Reproduce exactly the first line of the material below and every line after it, ending with the line that contains "Ein Fahrrad mit". No pictures should be copied.

****************************************

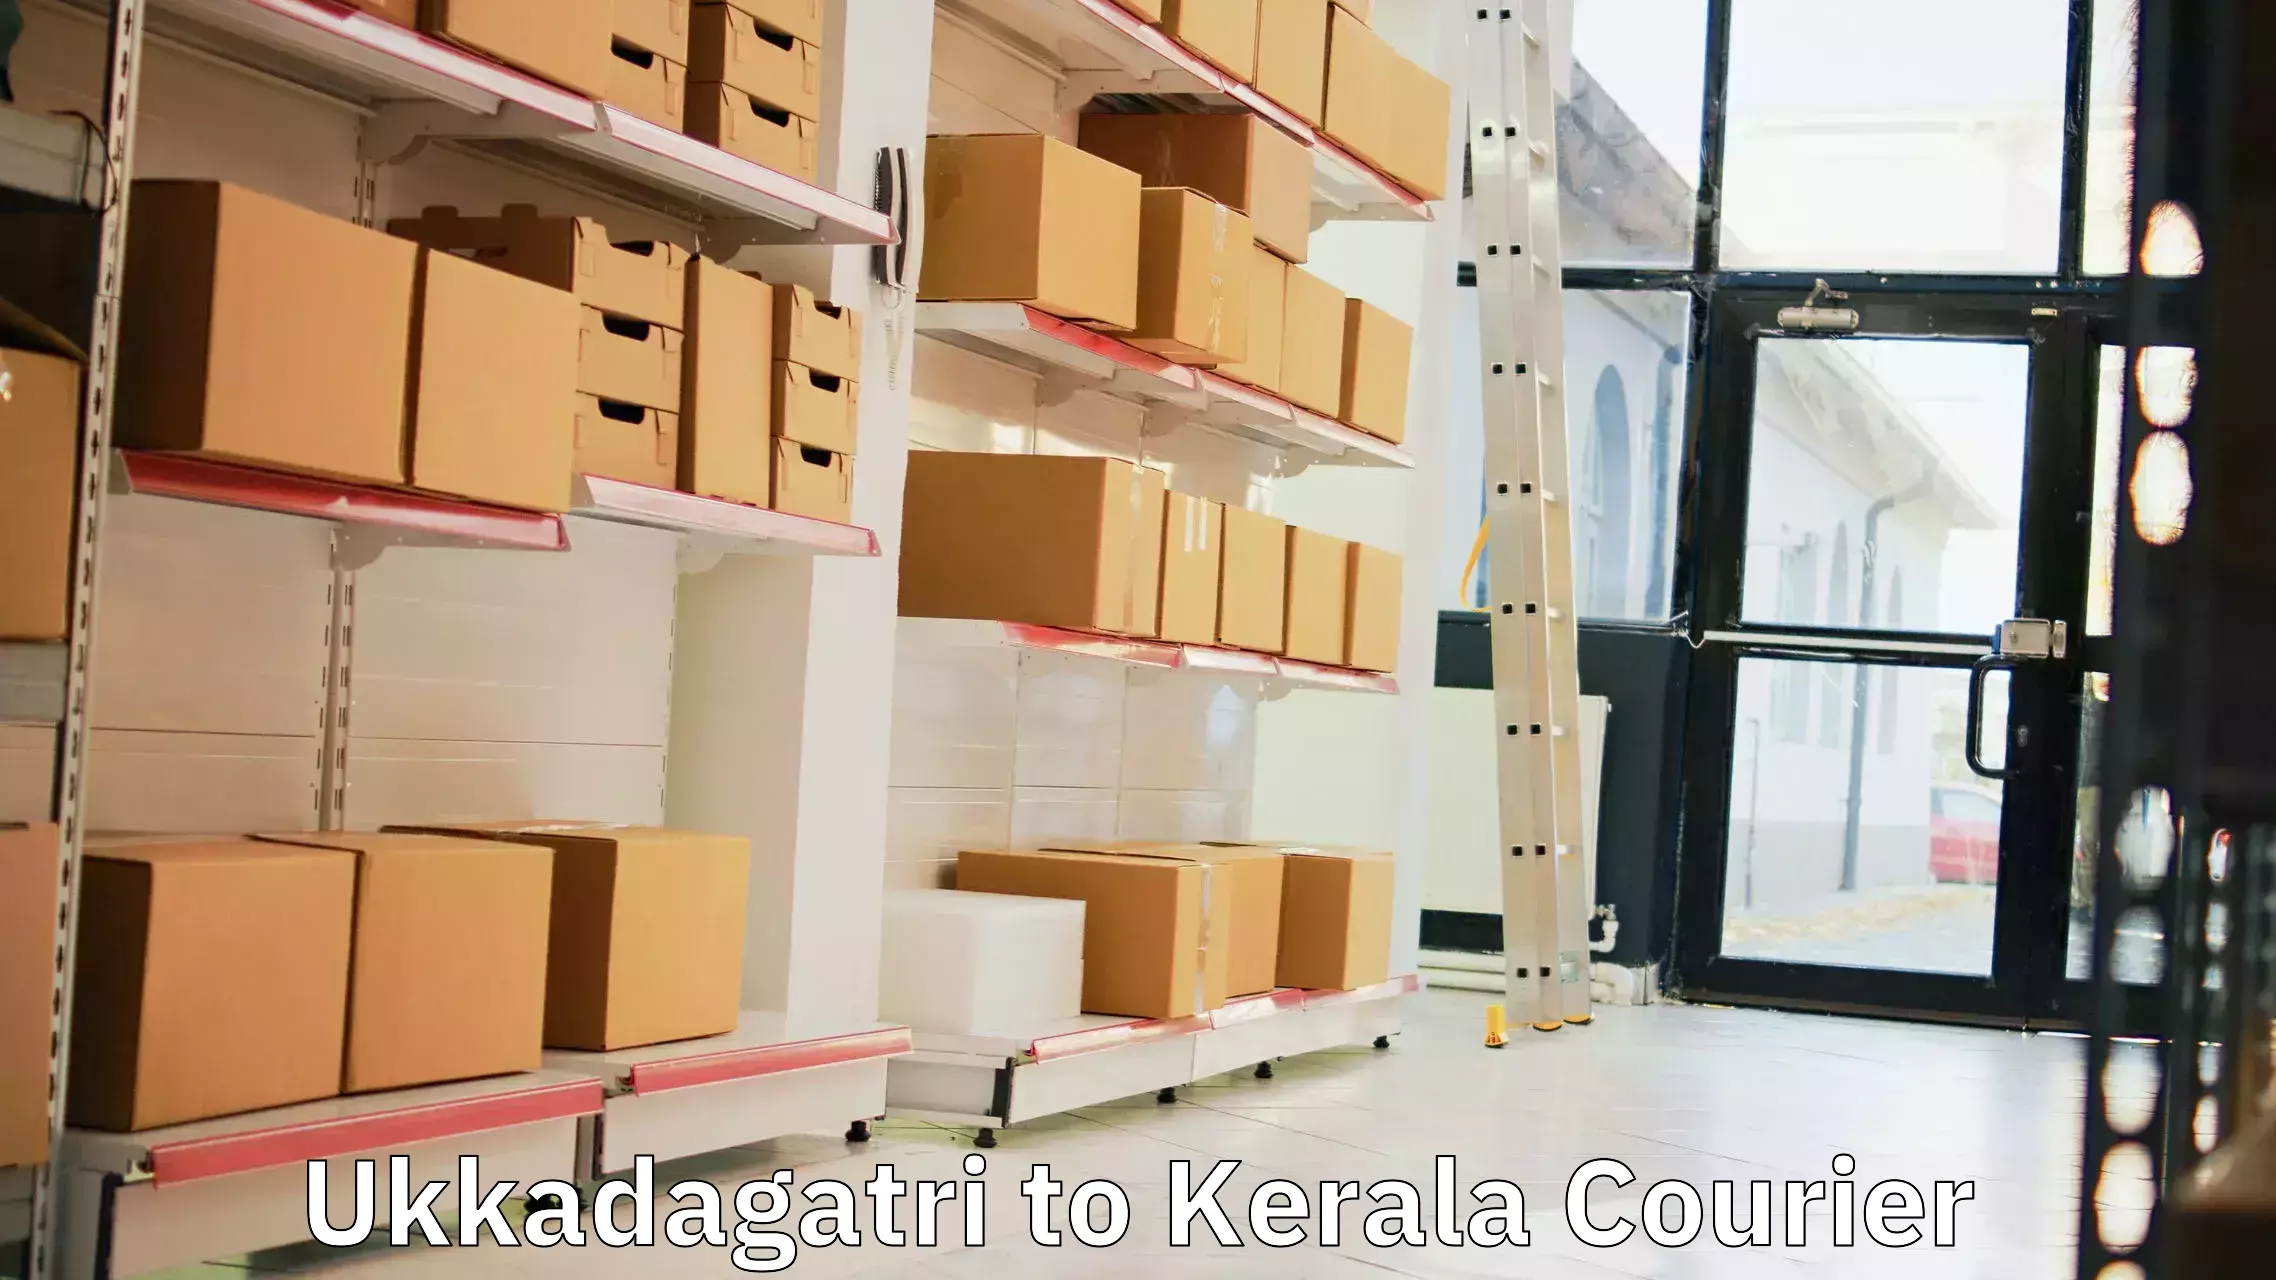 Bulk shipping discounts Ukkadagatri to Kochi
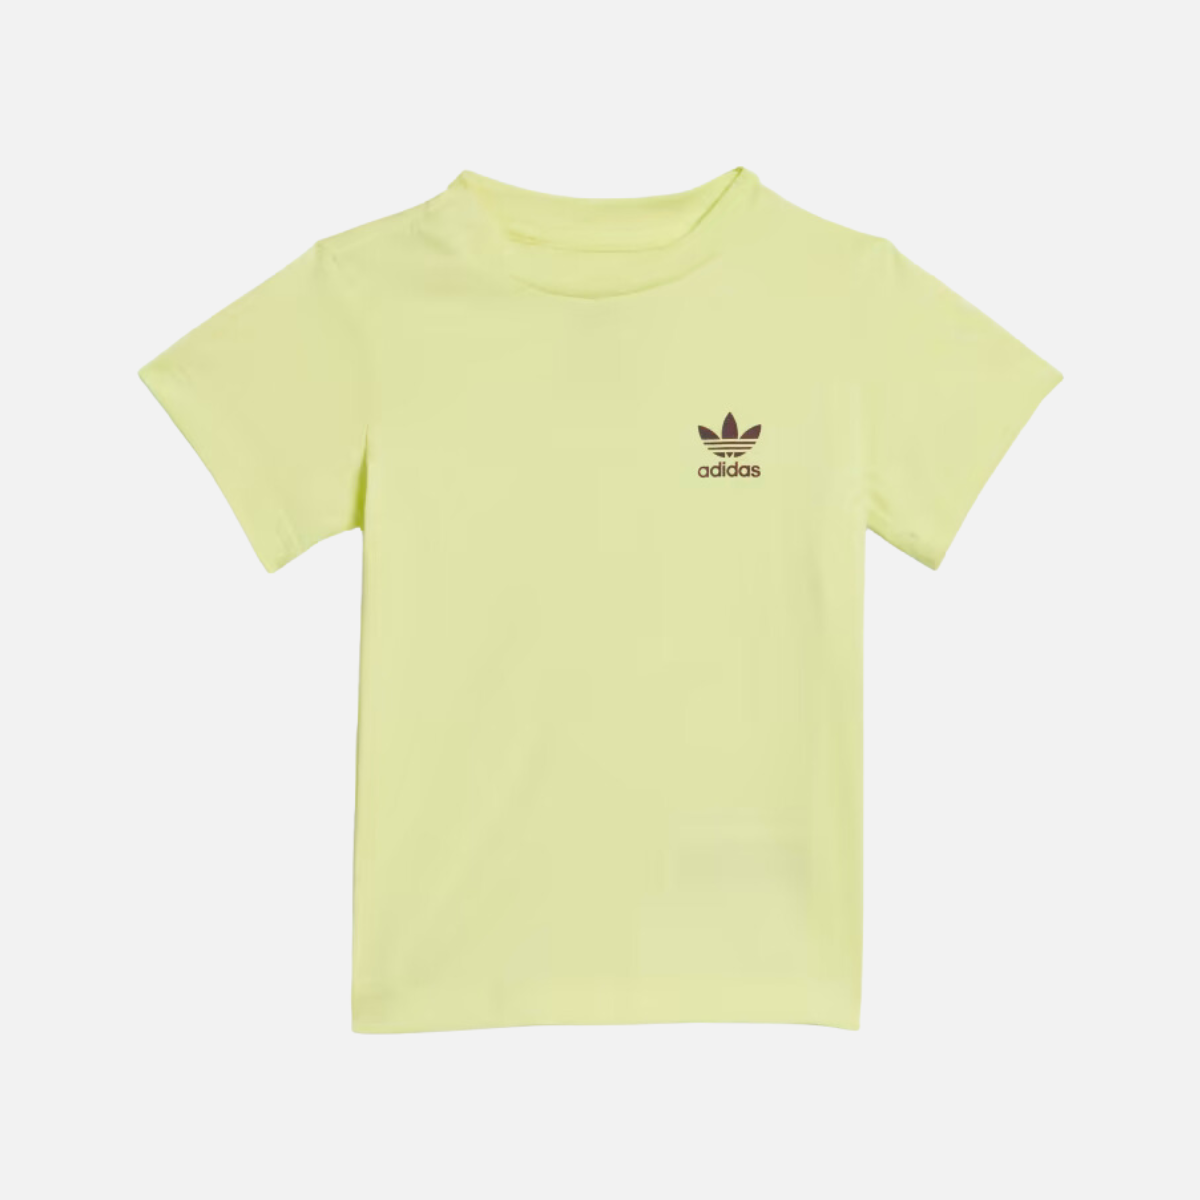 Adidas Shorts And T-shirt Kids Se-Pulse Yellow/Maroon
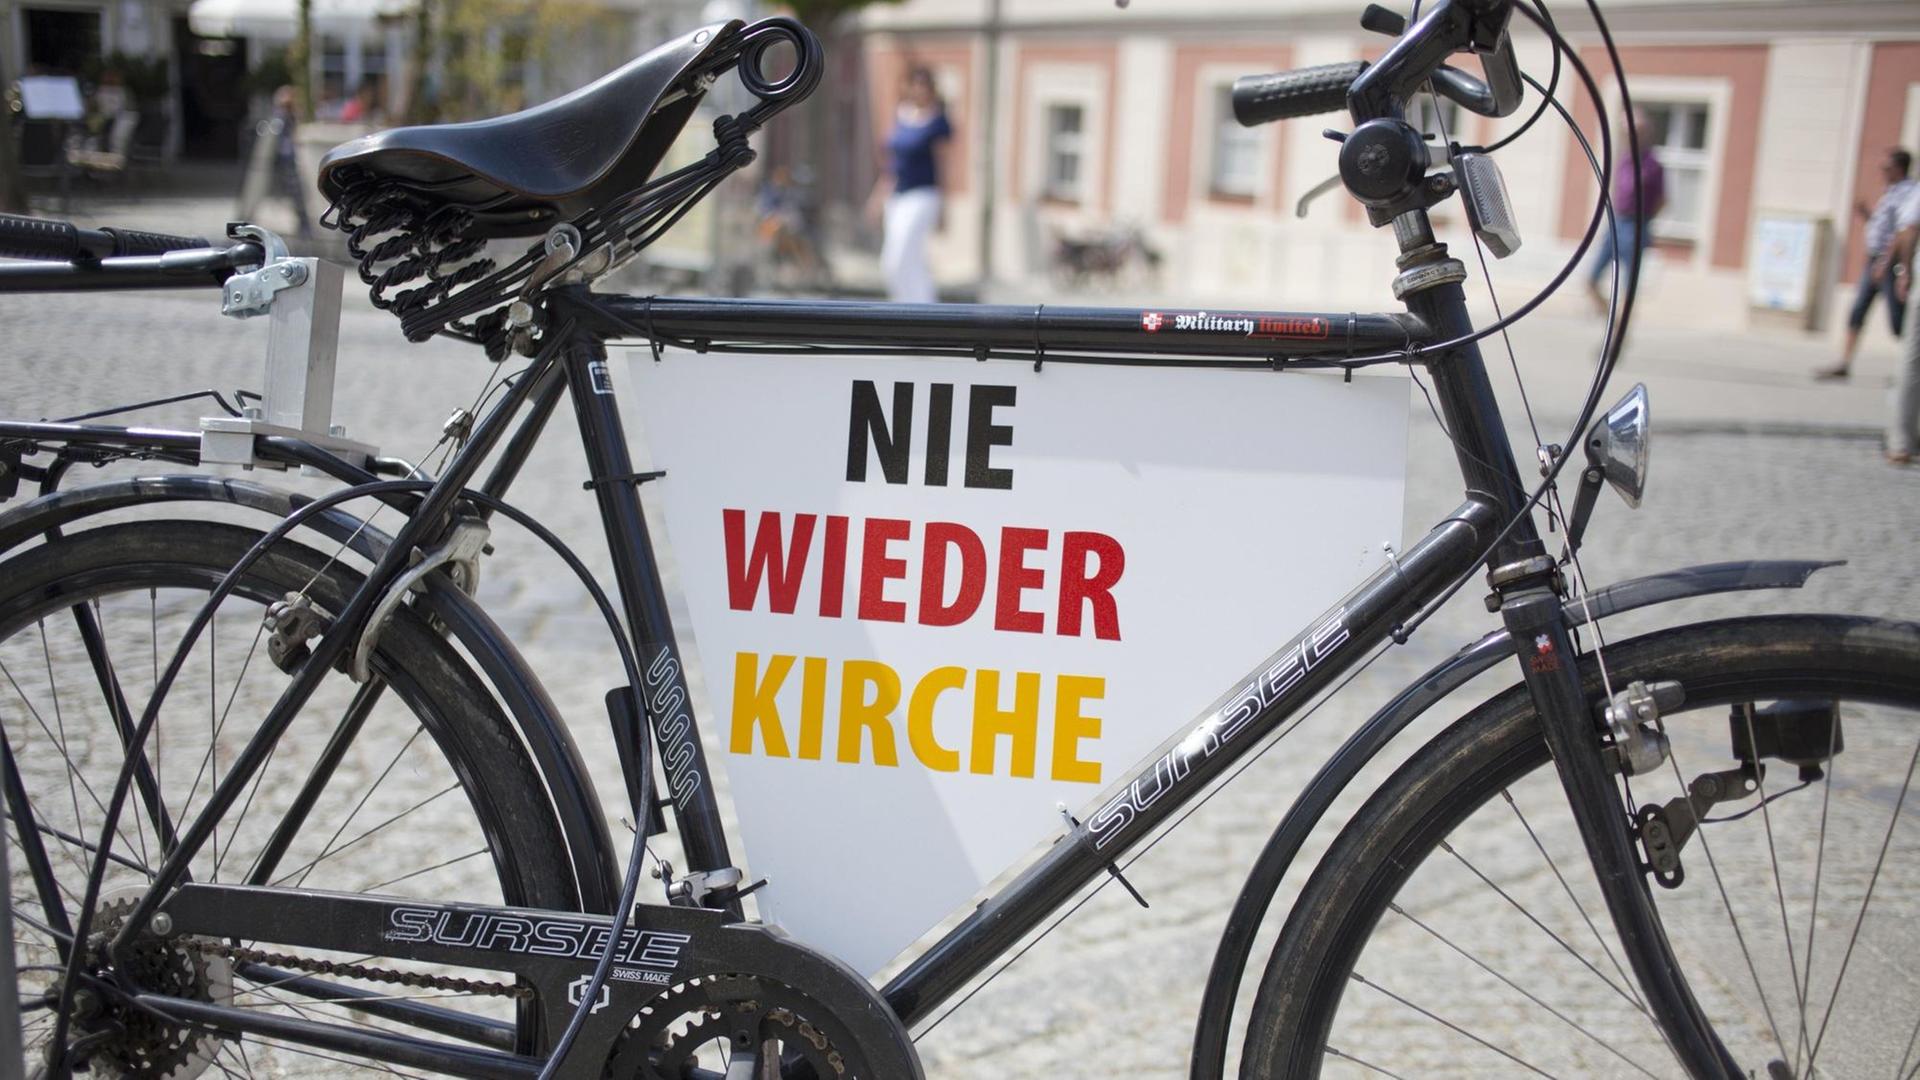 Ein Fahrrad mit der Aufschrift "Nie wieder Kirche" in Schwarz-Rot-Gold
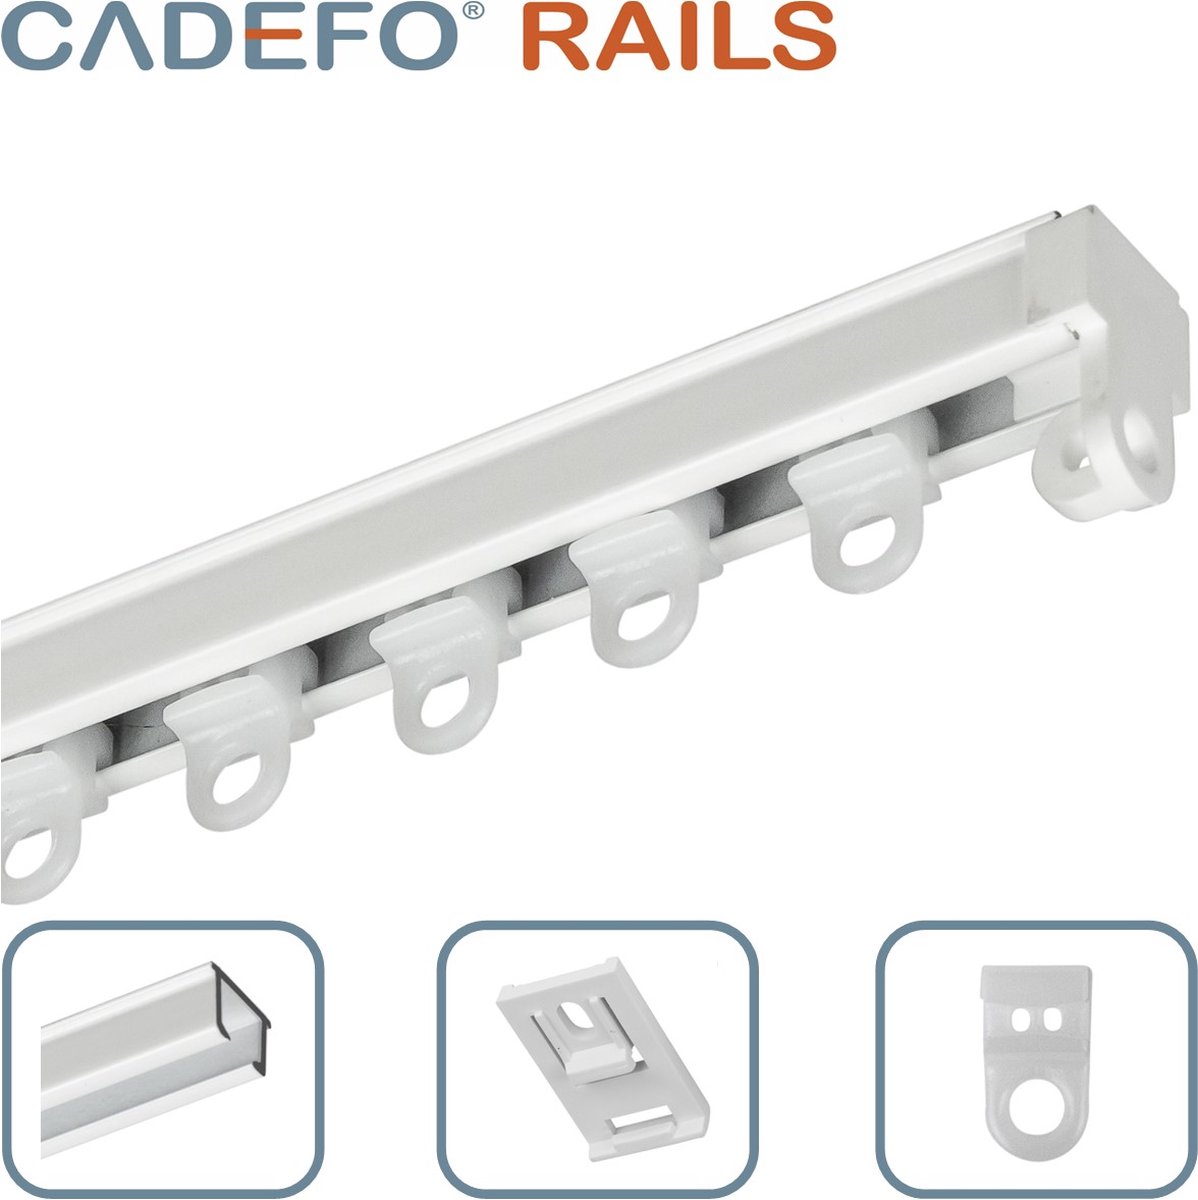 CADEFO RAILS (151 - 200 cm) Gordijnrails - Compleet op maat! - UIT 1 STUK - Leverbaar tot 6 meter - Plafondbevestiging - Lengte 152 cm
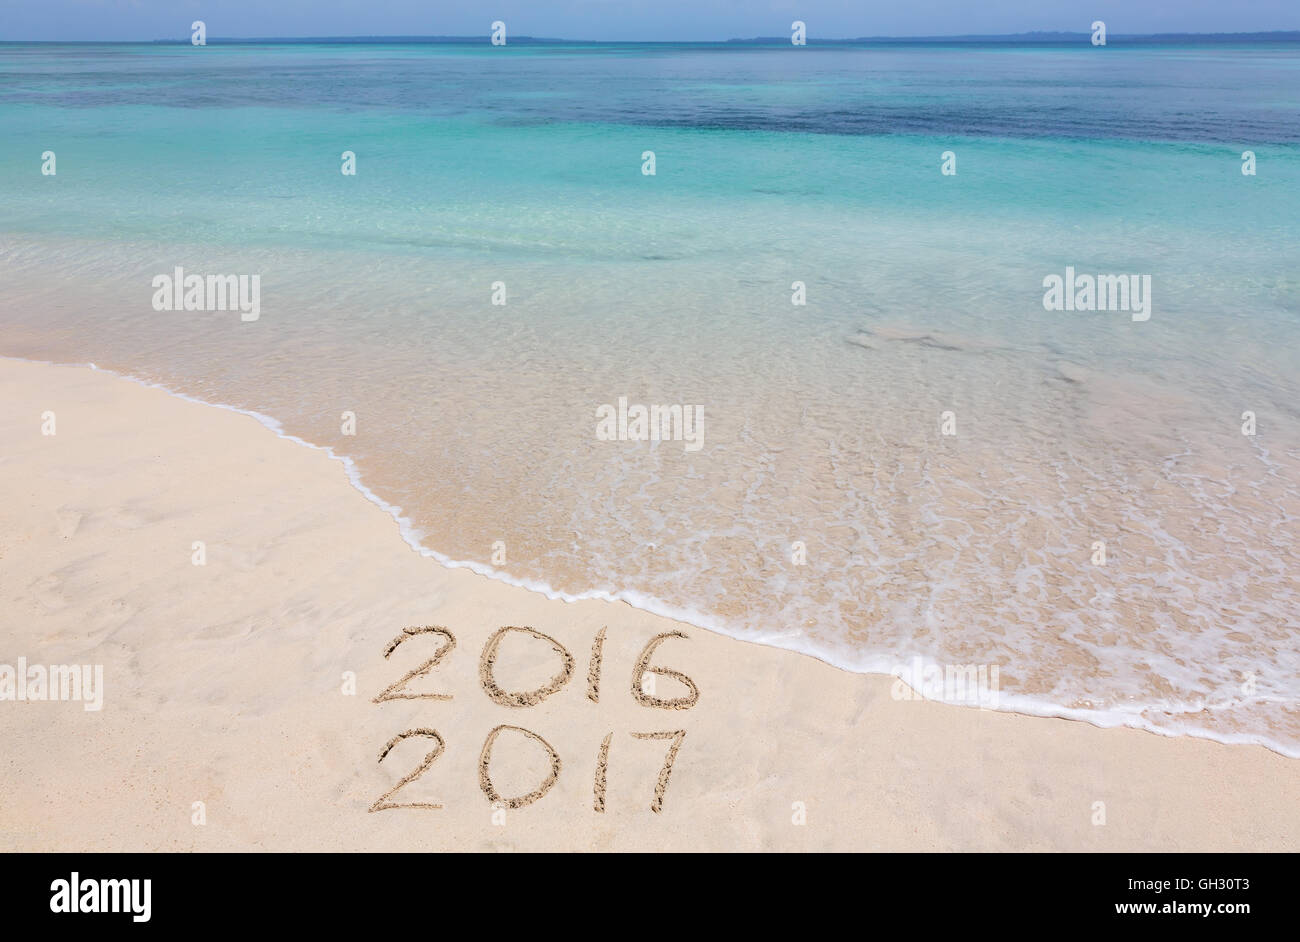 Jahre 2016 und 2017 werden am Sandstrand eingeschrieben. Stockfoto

****************************************

## Solved exercise
 Bulk shipping discounts Ukkadagatri to Kochi
 Adidas Shorts And T-shirt Kids Se-Pulse Yellow/Maroon
 Ein Fahrrad mit der Aufschrift "Nie wieder Kirche" in Schwarz-Rot-Gold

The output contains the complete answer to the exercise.